While you copy the lines below, skip the pictures and keep the rest exact.

* Dataset excerpt
::::::

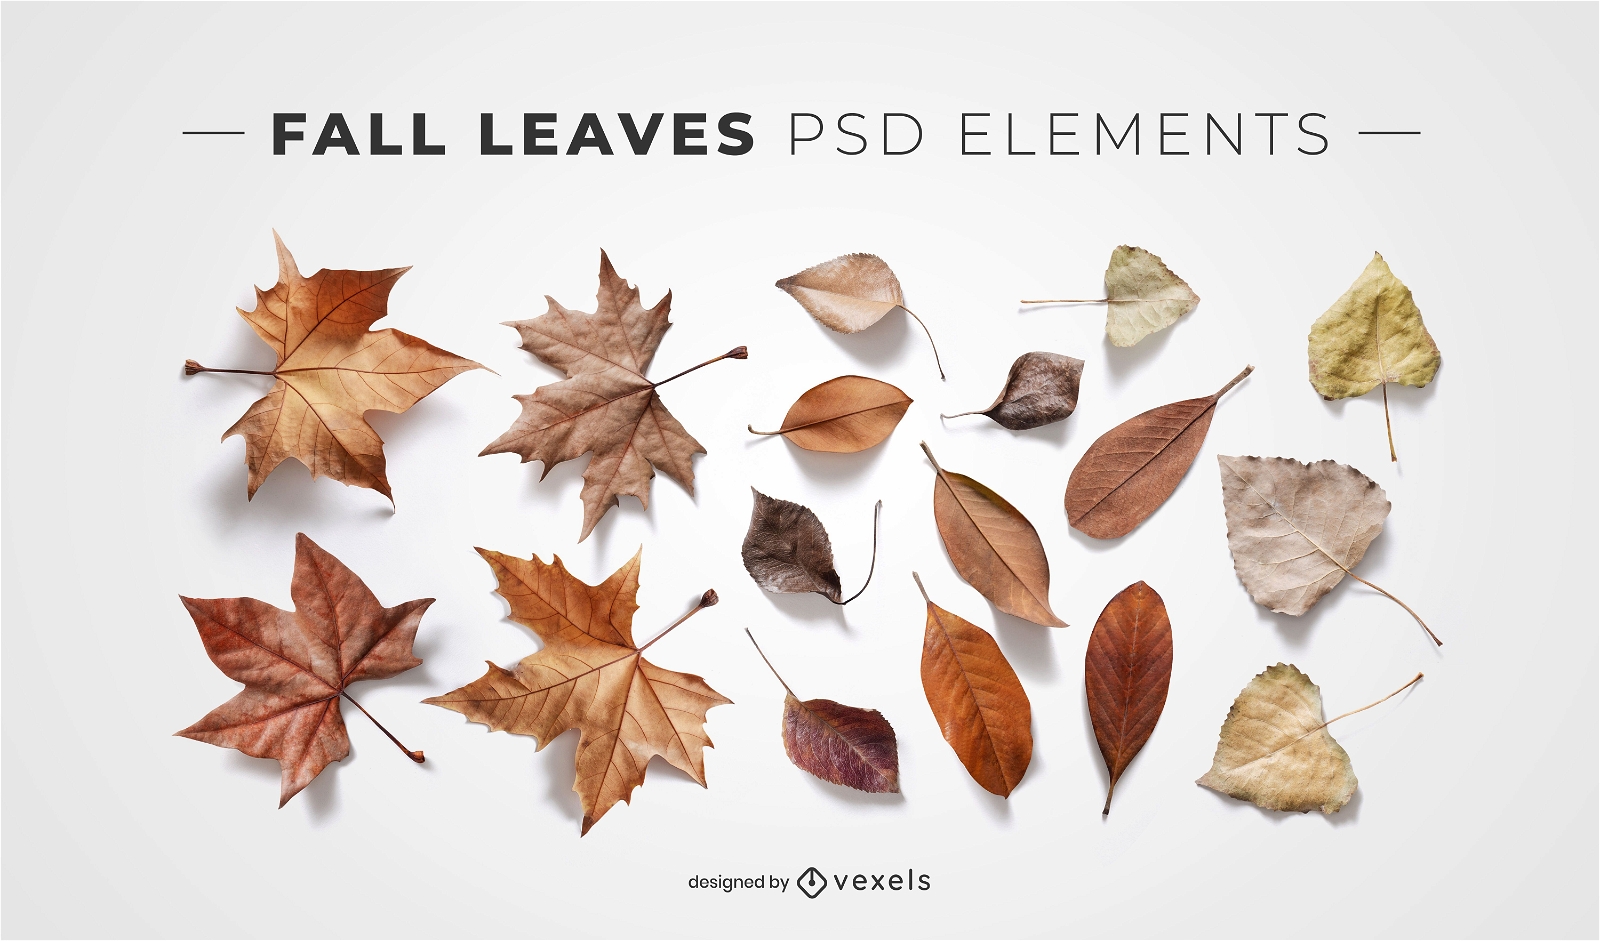 Fall leaves psd elements for mockups
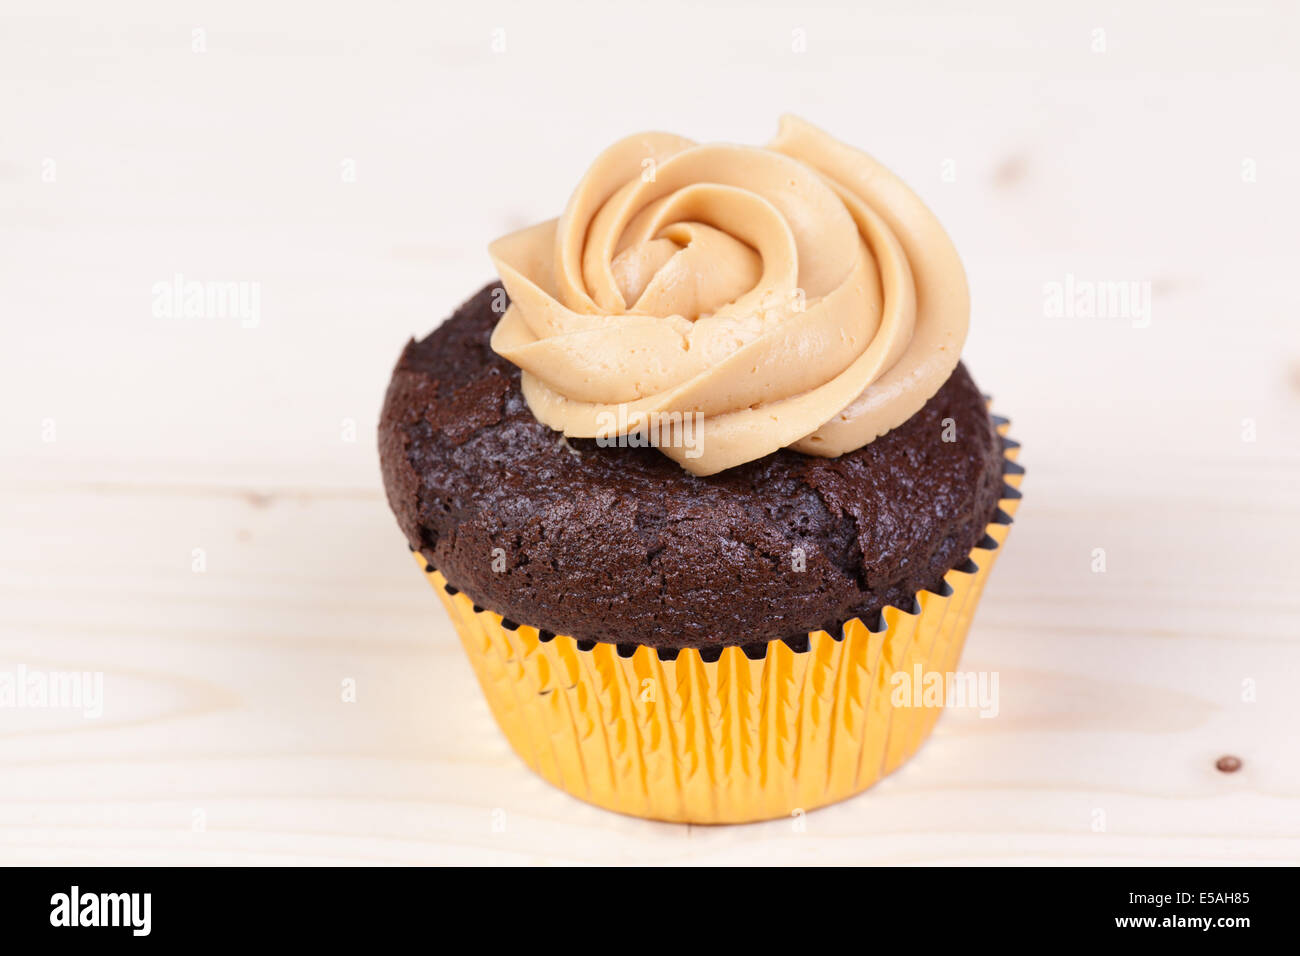 chocolate cupcakes with chocolate frosting Stock Photo
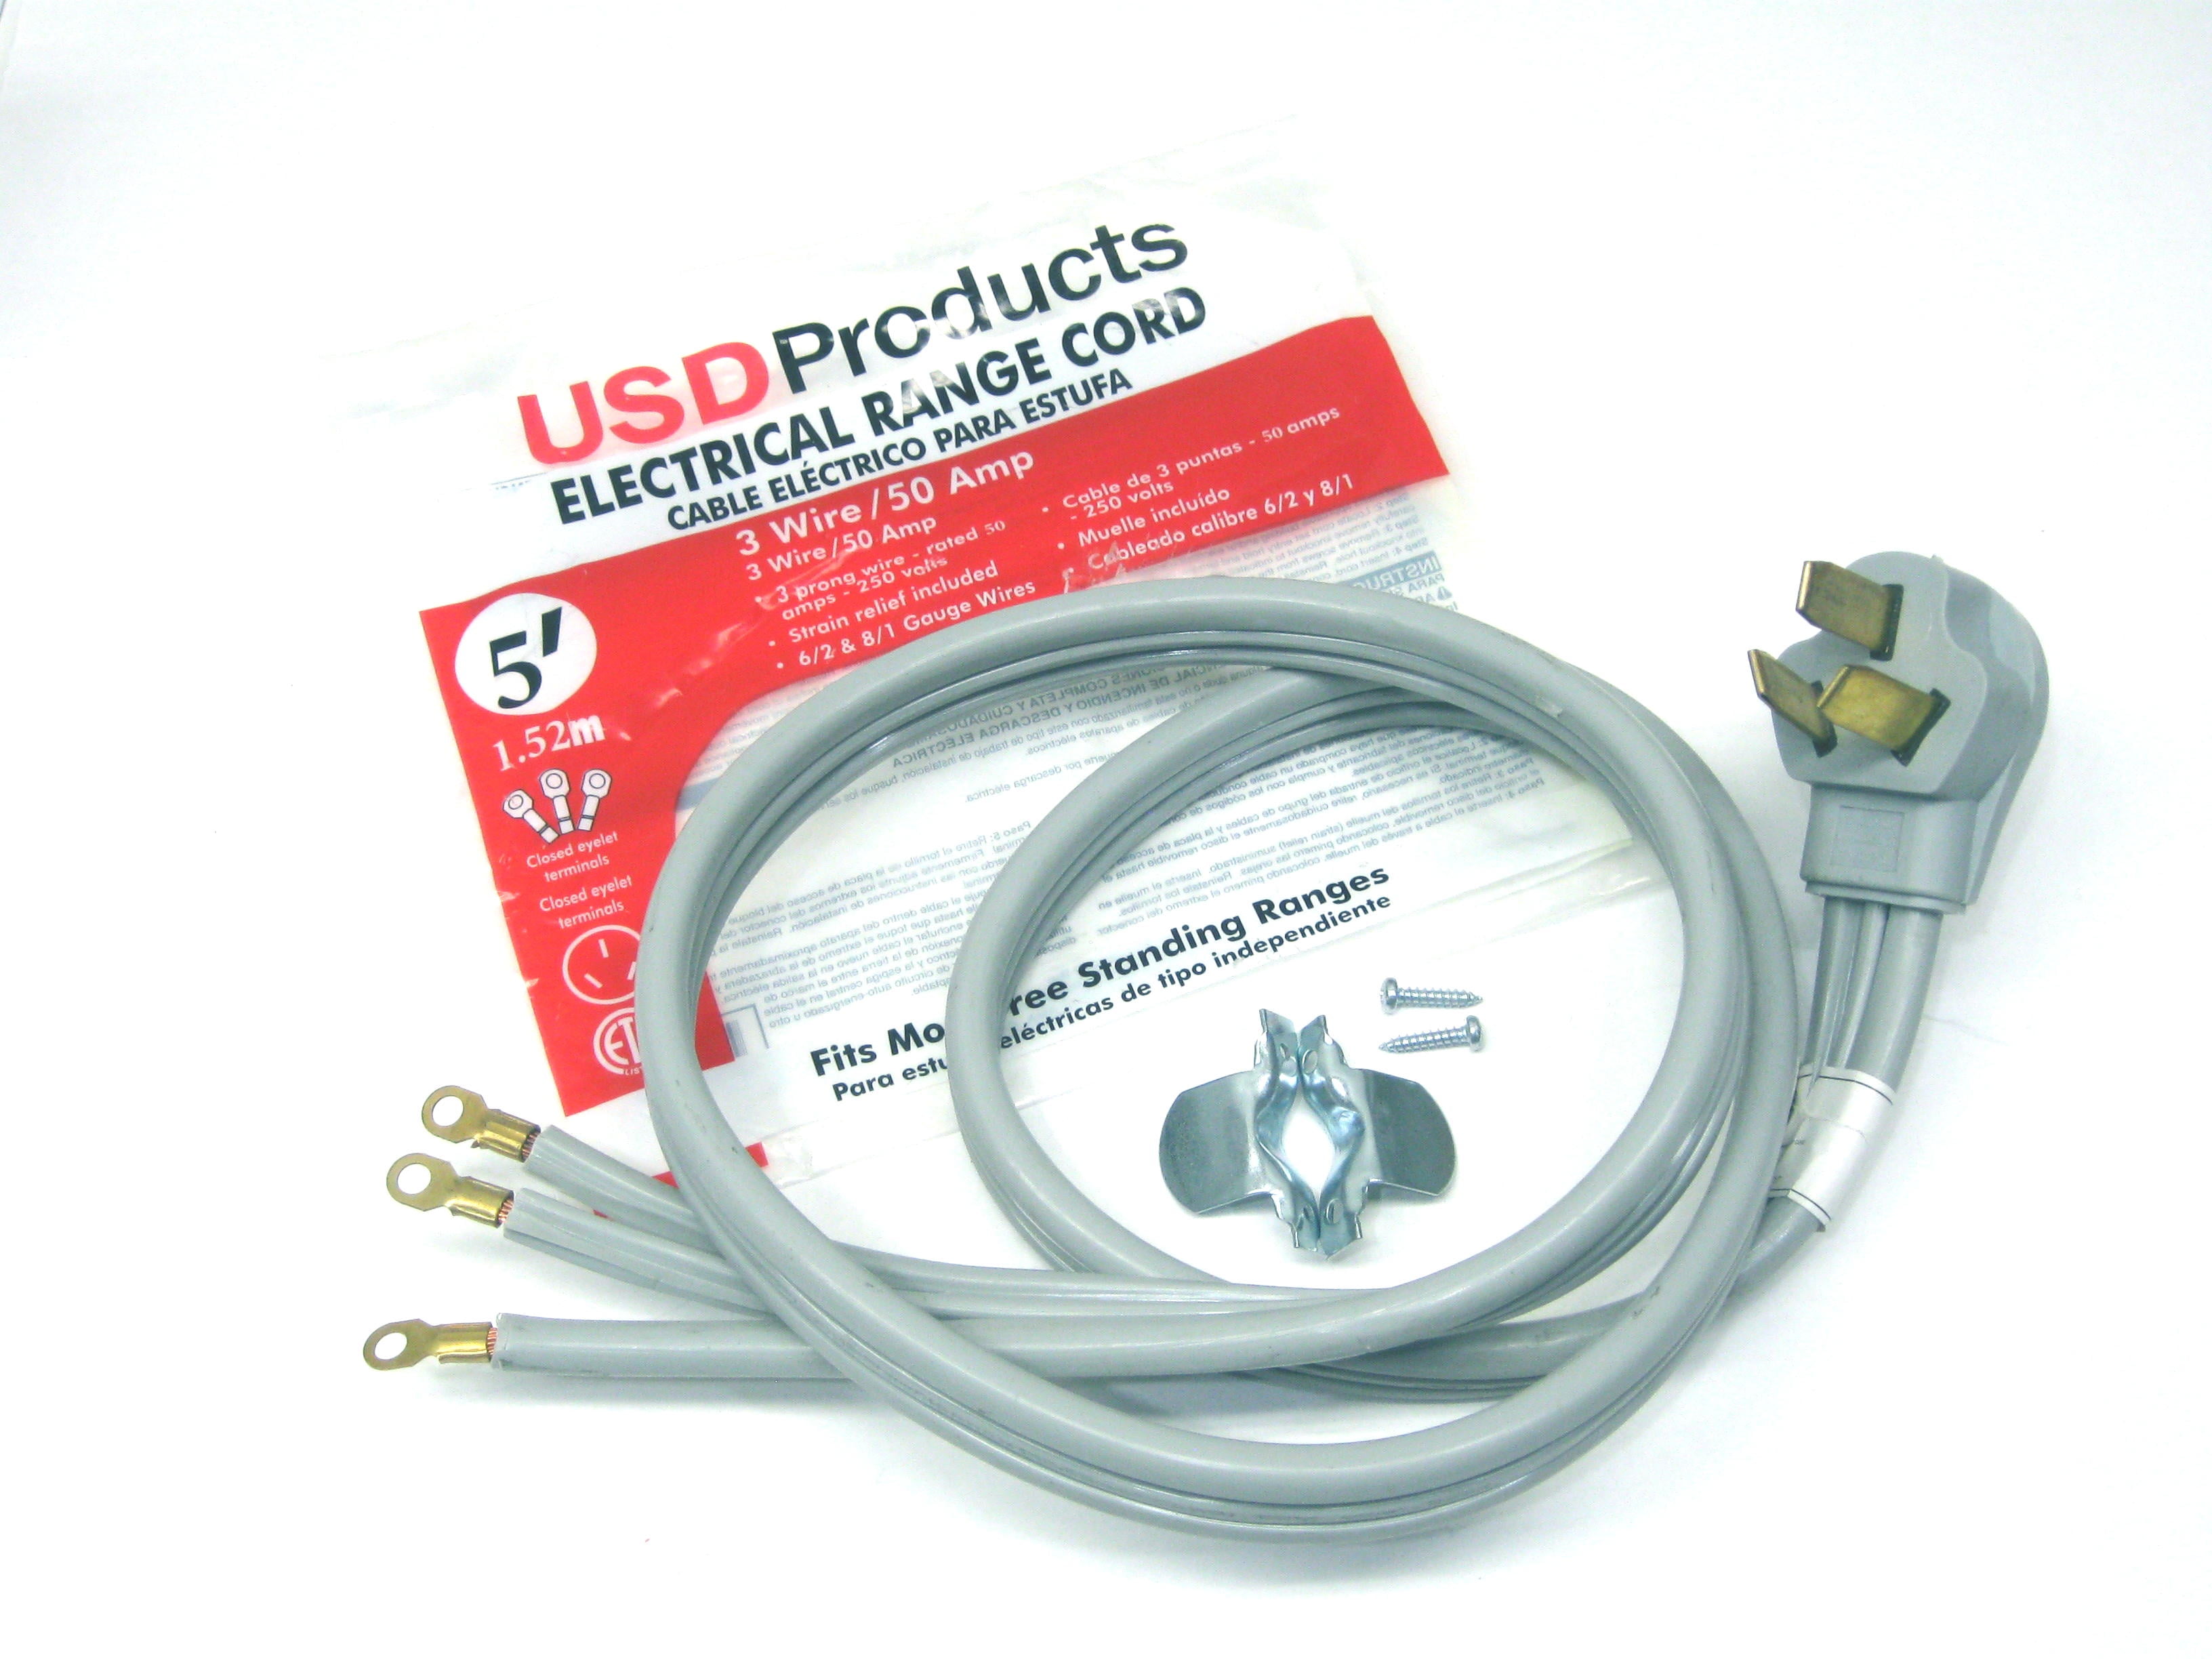 4' 4 Wire 50 AMP Details about   *NEW* Electrical Range Cord 
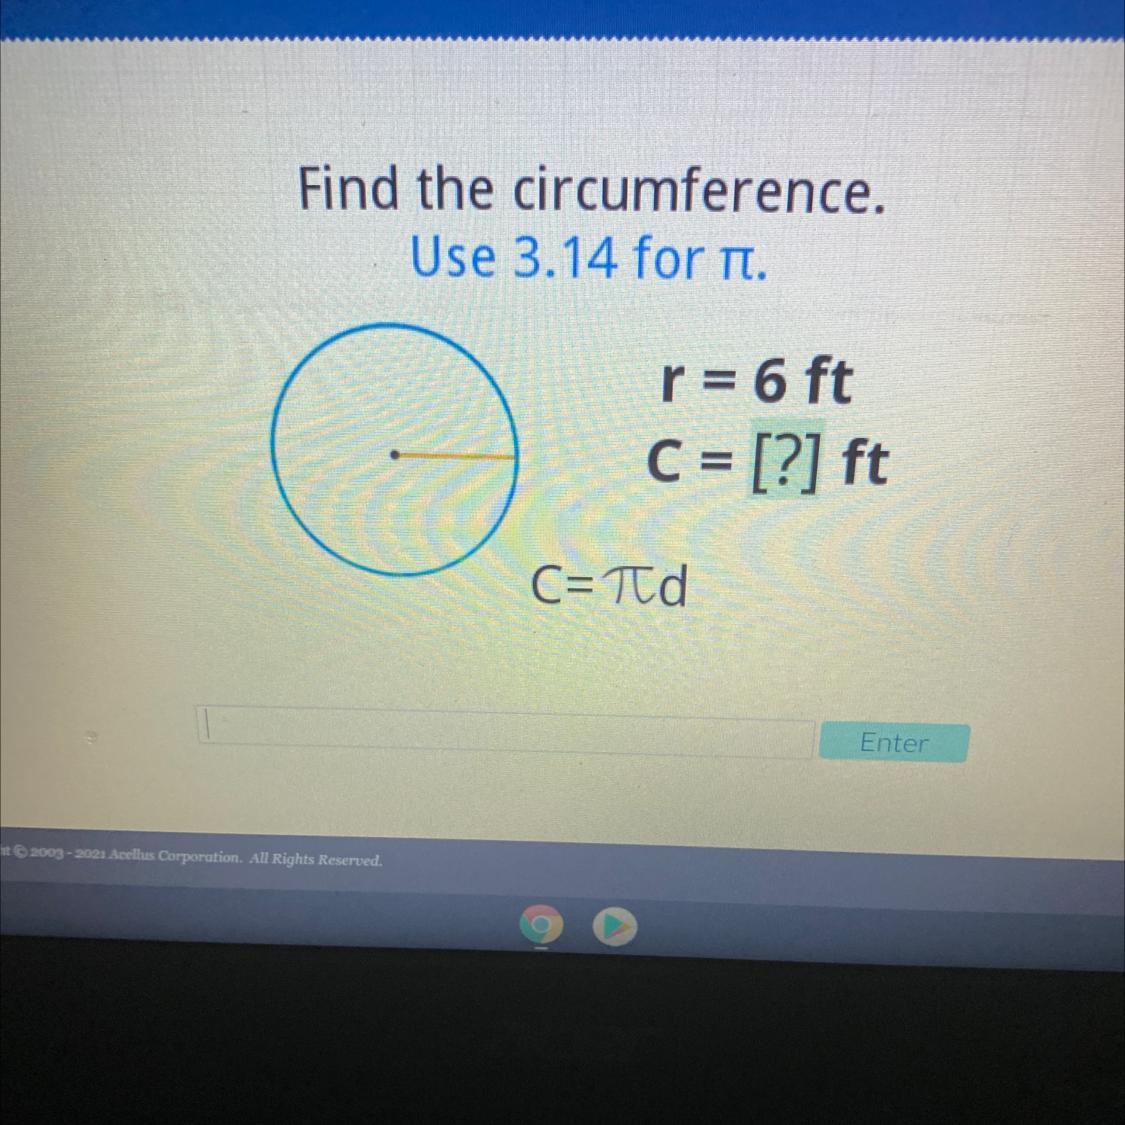 Find The Circumference.Use 3.14 For T.-r = 6 FtC = [?] FtC=rd

::::::

* Completed task
 Fall leaves psd elements for mockups
 chocolate cupcakes with chocolate frosting Stock Photo
 4' 4 Wire 50 AMP Details about   *NEW* Electrical Range Cord 
 Find The Circumference.Use 3.14 For T.-r = 6 FtC = [?] FtC=rd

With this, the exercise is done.